R.U.R. A Torrent of Light takes the premise and gives it a feminist lens. It jumps ahead just a little to a near future where AI is even more inextricably intertwined with modern life.
The new work was written by Governor General award-winner Nicolas Billon, and composed by Nicole Lizée in her full-length operatic debut. The performances are directed by Tapestry’s award-winning Artistic and General Director Michael Hidetoshi Mori. Wearable tech designed by OCAD’s Social Body Lab enhances the story and the experience.
About the cast:
- Mezzo-soprano Krisztina Szabó stars as Helena, a Steve Wozniak-level coder and designer;
- Newfoundland baritone Peter Barrett stars as Helena’s husband and business partner Dom;
- Countertenor Scott Belluz plays [Alex], Helena and Dom’s prototype human-form personal-assistance robot;
- Soprano Danielle Buonaiuto, Canadian-American baritone Micah Schroeder, and Canadian mezzo-soprano Alex Hetherington are cast as human-form AI enabled robots;
- Sopranos Maeve Palmer and Anne-Marie Ramos, mezzo-soprano Jennifer Routhier, and dance artists Sofi Gudiño, Katherine Semchuk, Emily Spearing and Brayden Jamil Cairns form the robot chorus.

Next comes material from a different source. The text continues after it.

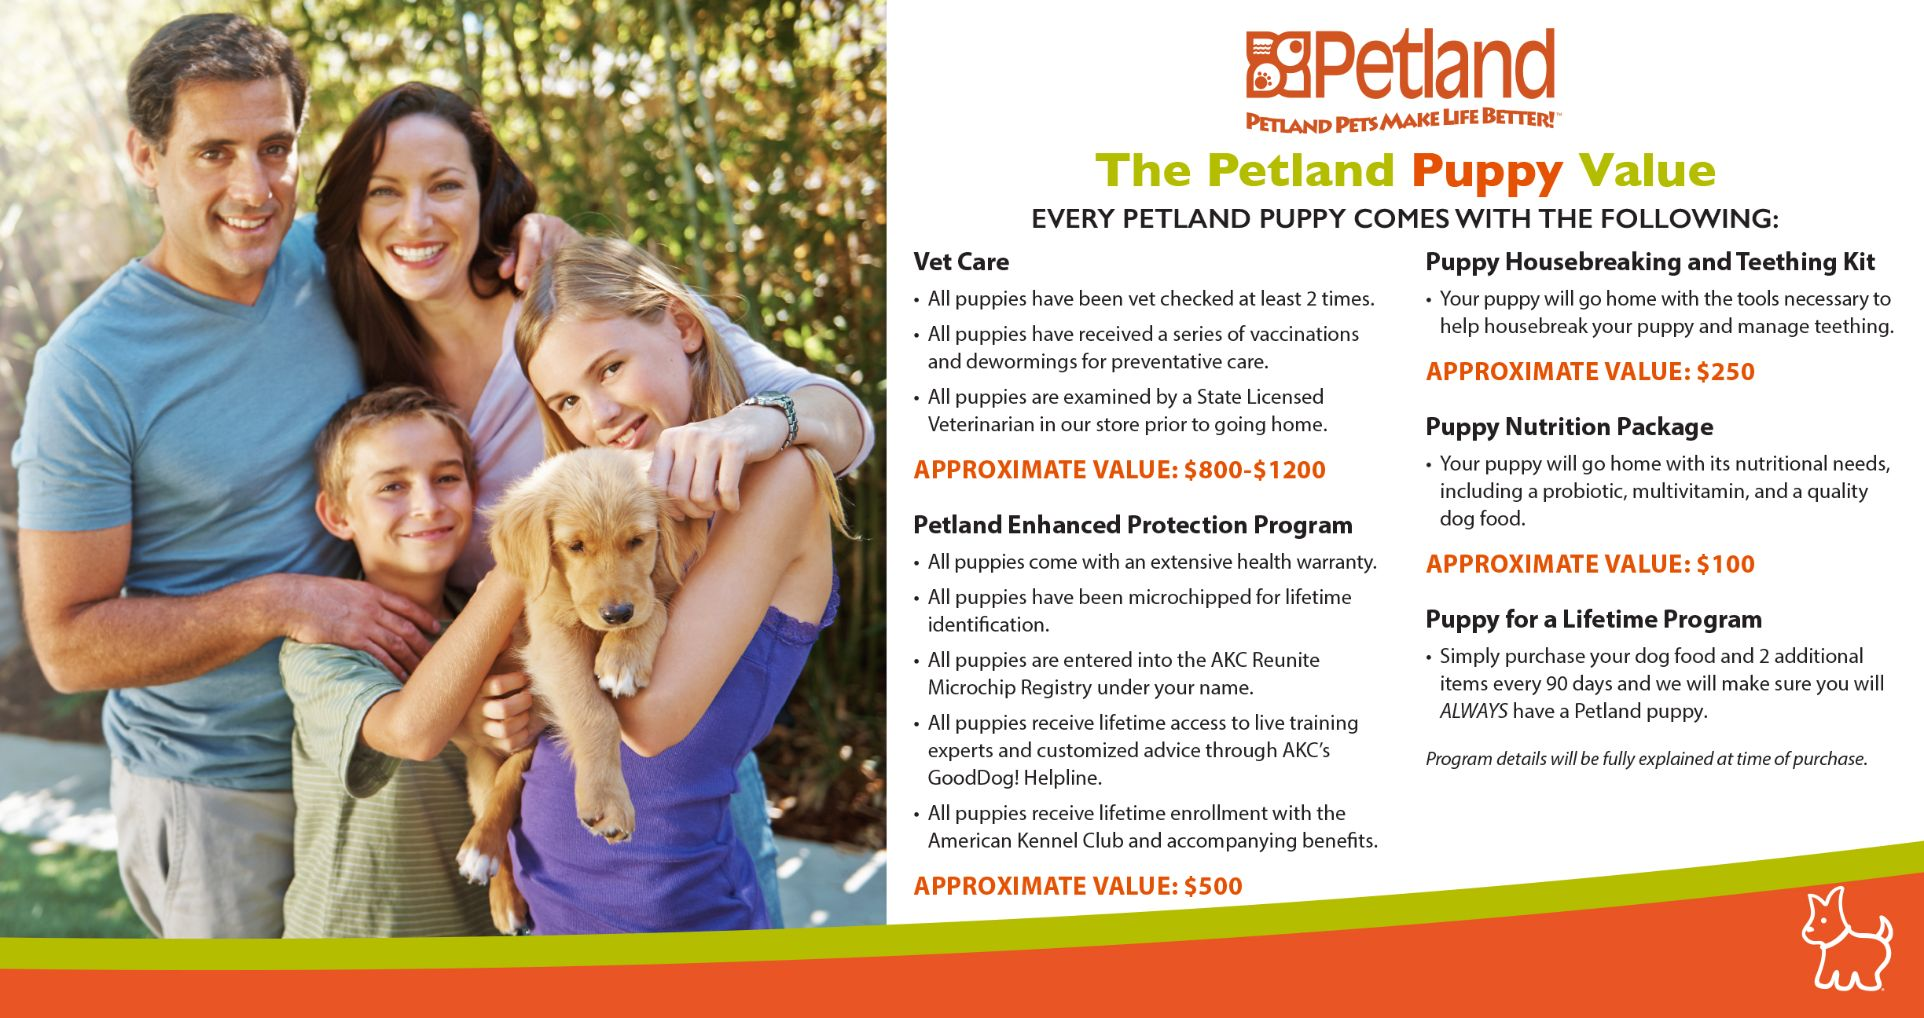 The Petland Puppy Value List

The creative team includes Dora-nominated music director and conductor Gregory Oh as Music Director, and award-winning choreographer Jaime Martino.
What is wearable tech?
Tapestry Opera went to OCAD University’s Social Body Lab to develop tech that singers and dancers could wear, that would also be intertwined with the performance. The Social Body’s Lab has a mandate to explore the relationship between humans and technology; it seems like the perfect fit.
Digital Futures Associate Professor Dr. Adam Tindale, who is a drummer with a Masters of Music Technology from McGill University, and an Interdisciplinary Ph.D. in Music, Computer Science and Electrical Engineering from the University of Victoria has worked on the project.

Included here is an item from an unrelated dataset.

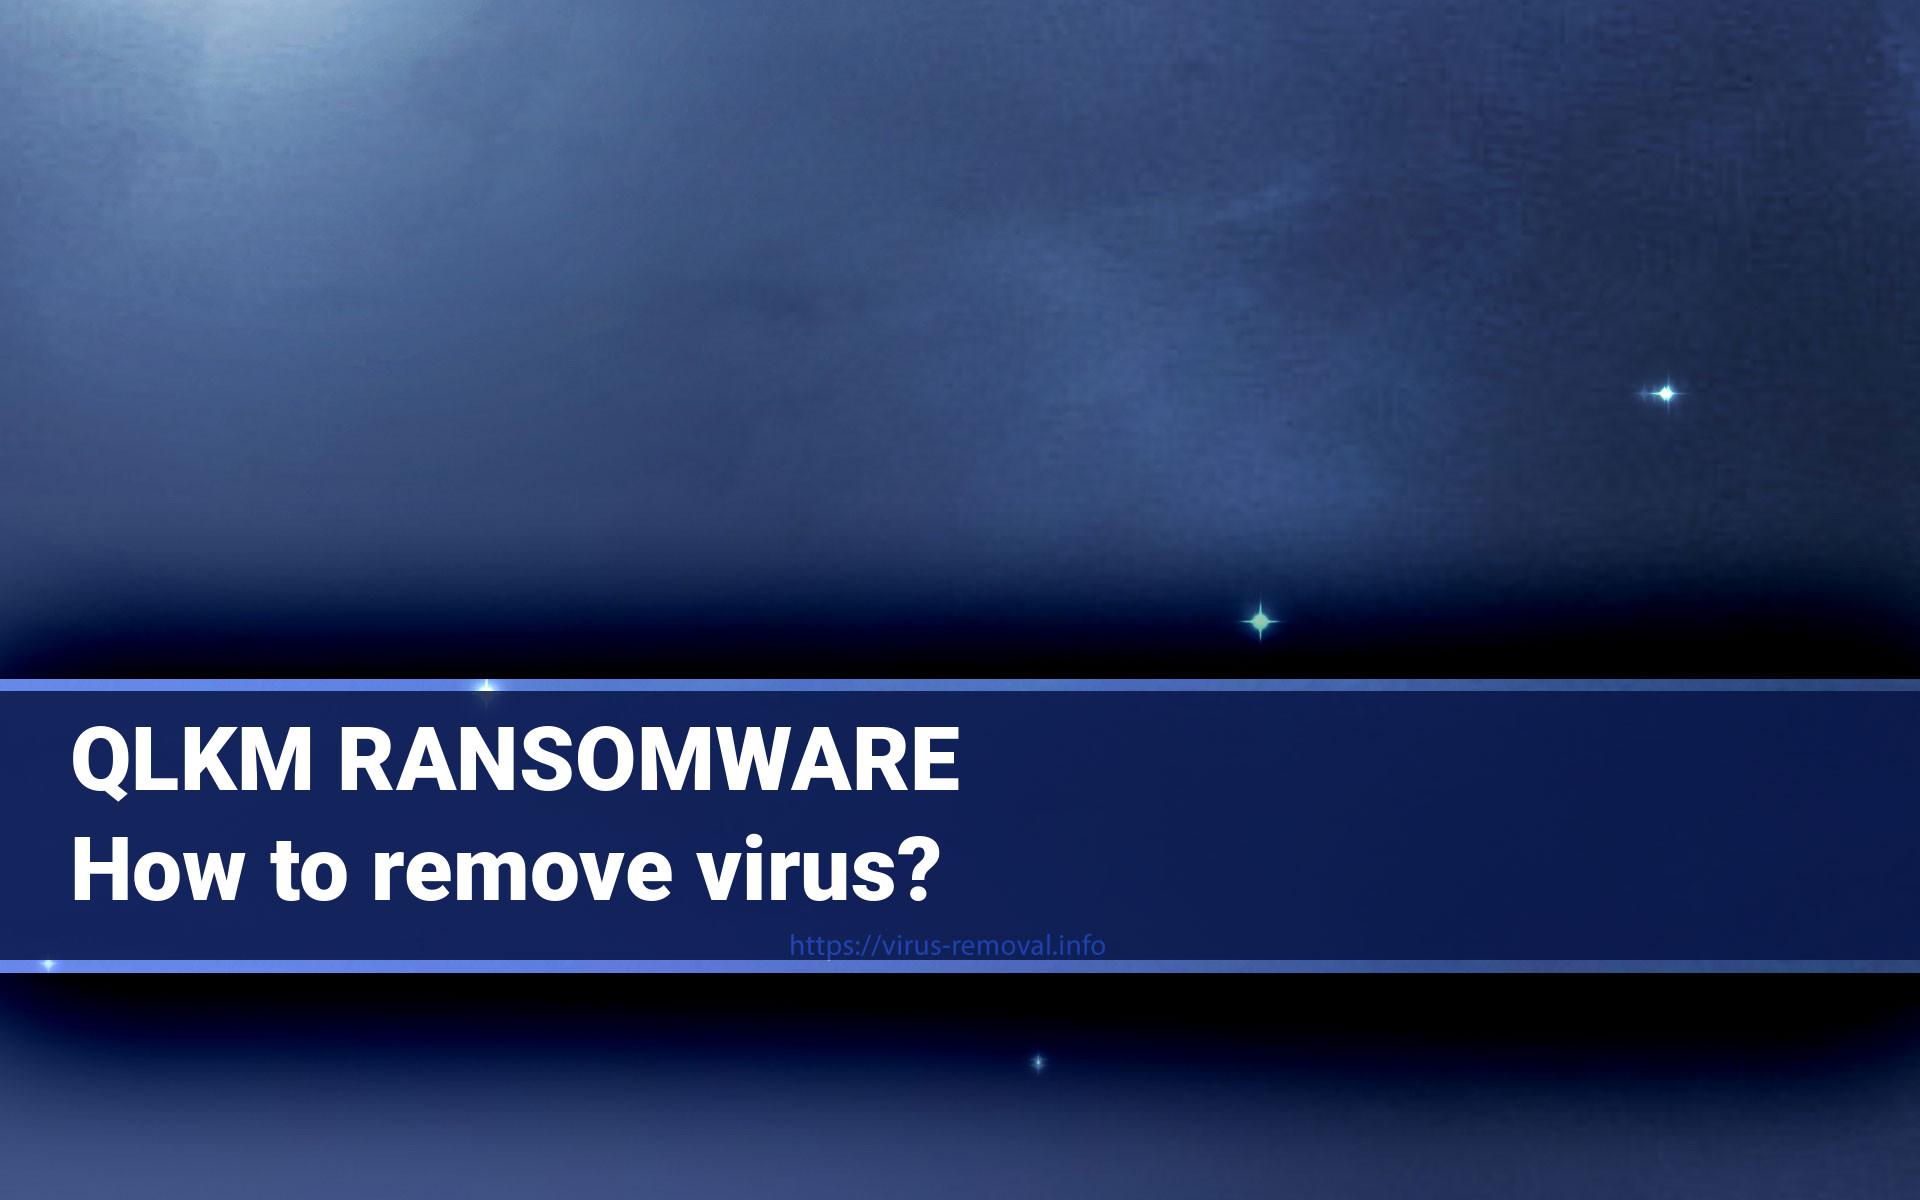 QLKM Ransomware
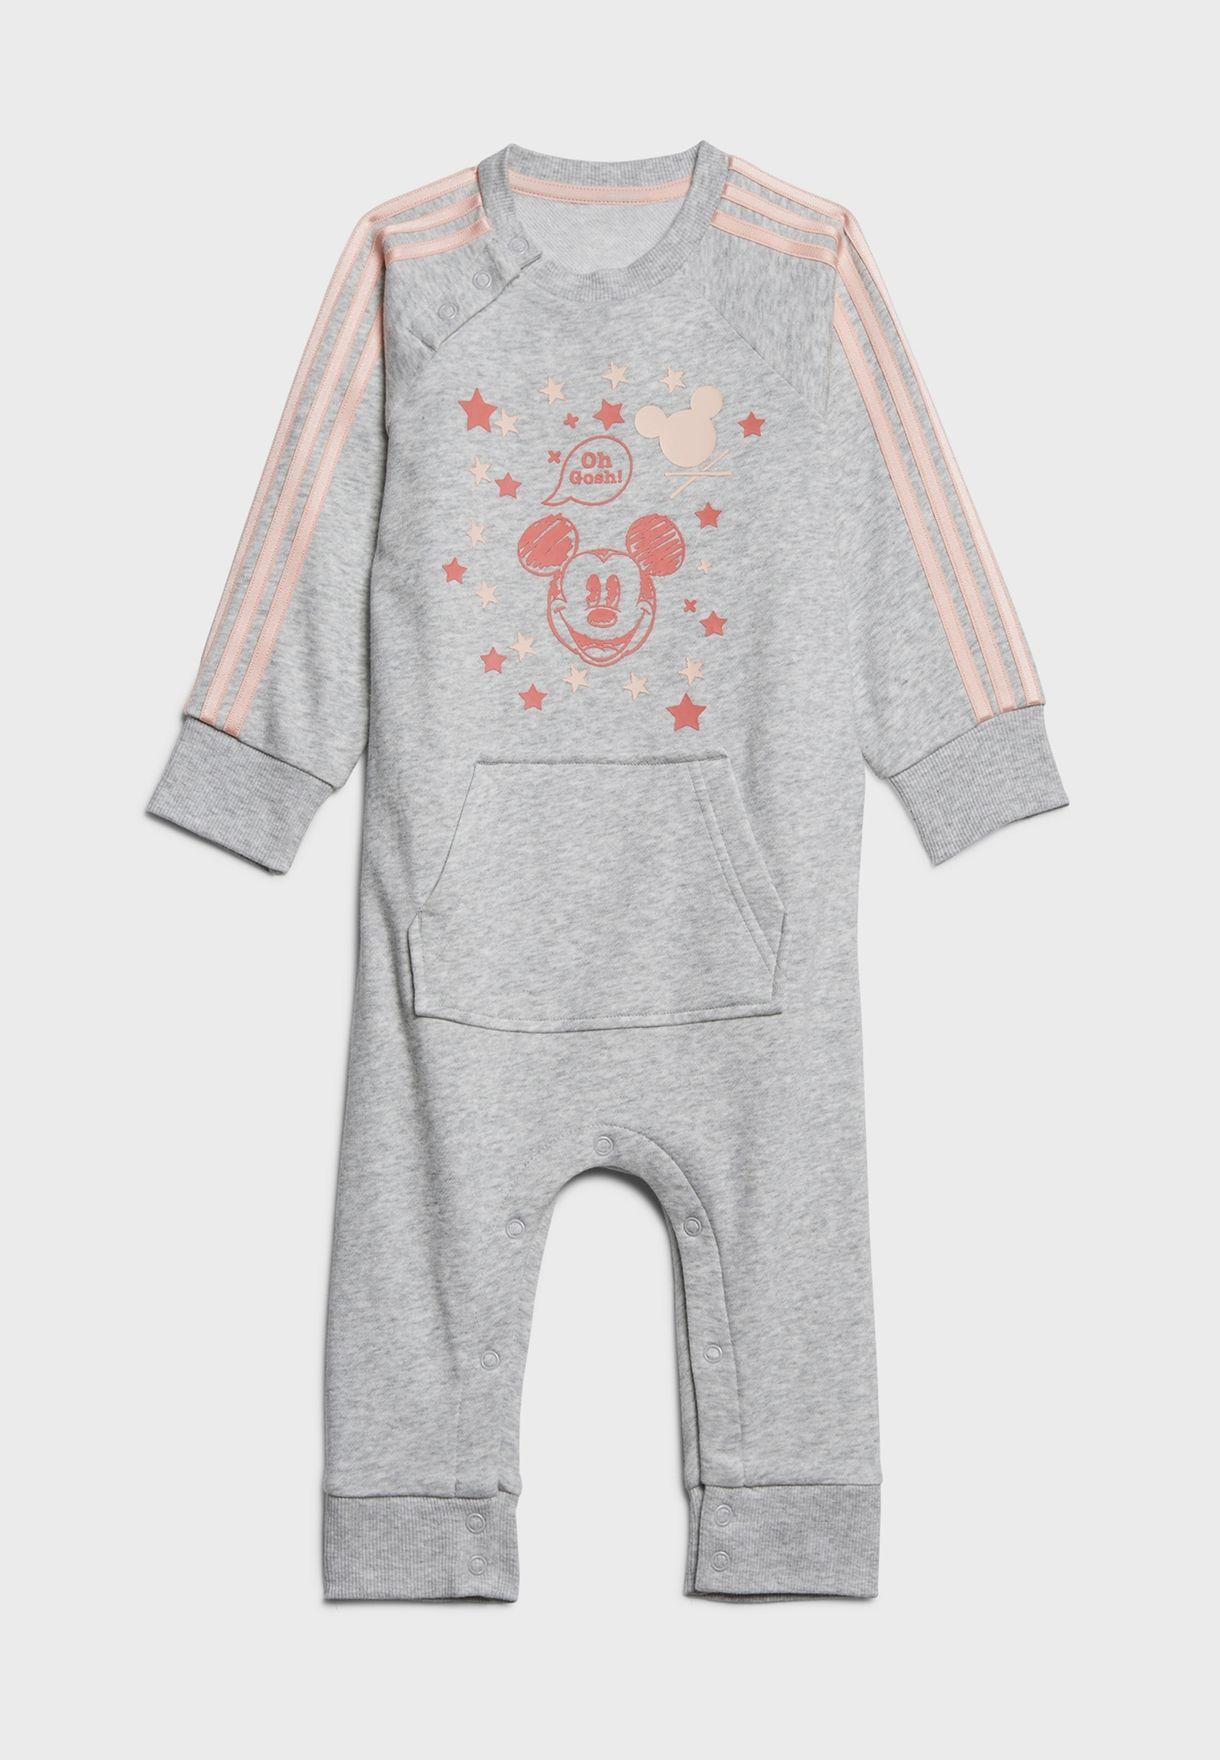 Infant Minimal Romper

“They were looking for some unusual folks to collaborate with them,” Dr. Tindale notes. “I got invited to one of the early meetings.”
What he saw in the early stages was a bit of the music and a sketch of the scene, “and a whole lot of enthusiasm”. It was enough to get him involved. The full score came later in the process. “I was originally classically trained in percussion,” he notes. “That was my undergrad.”
Tindale and his team worked on about 30 pieces of wearable tech. “There are a couple of different pieces of technology that we’ve been developing in the Social Body Lab,” he says, noting that development has been ongoing for the better part of a year.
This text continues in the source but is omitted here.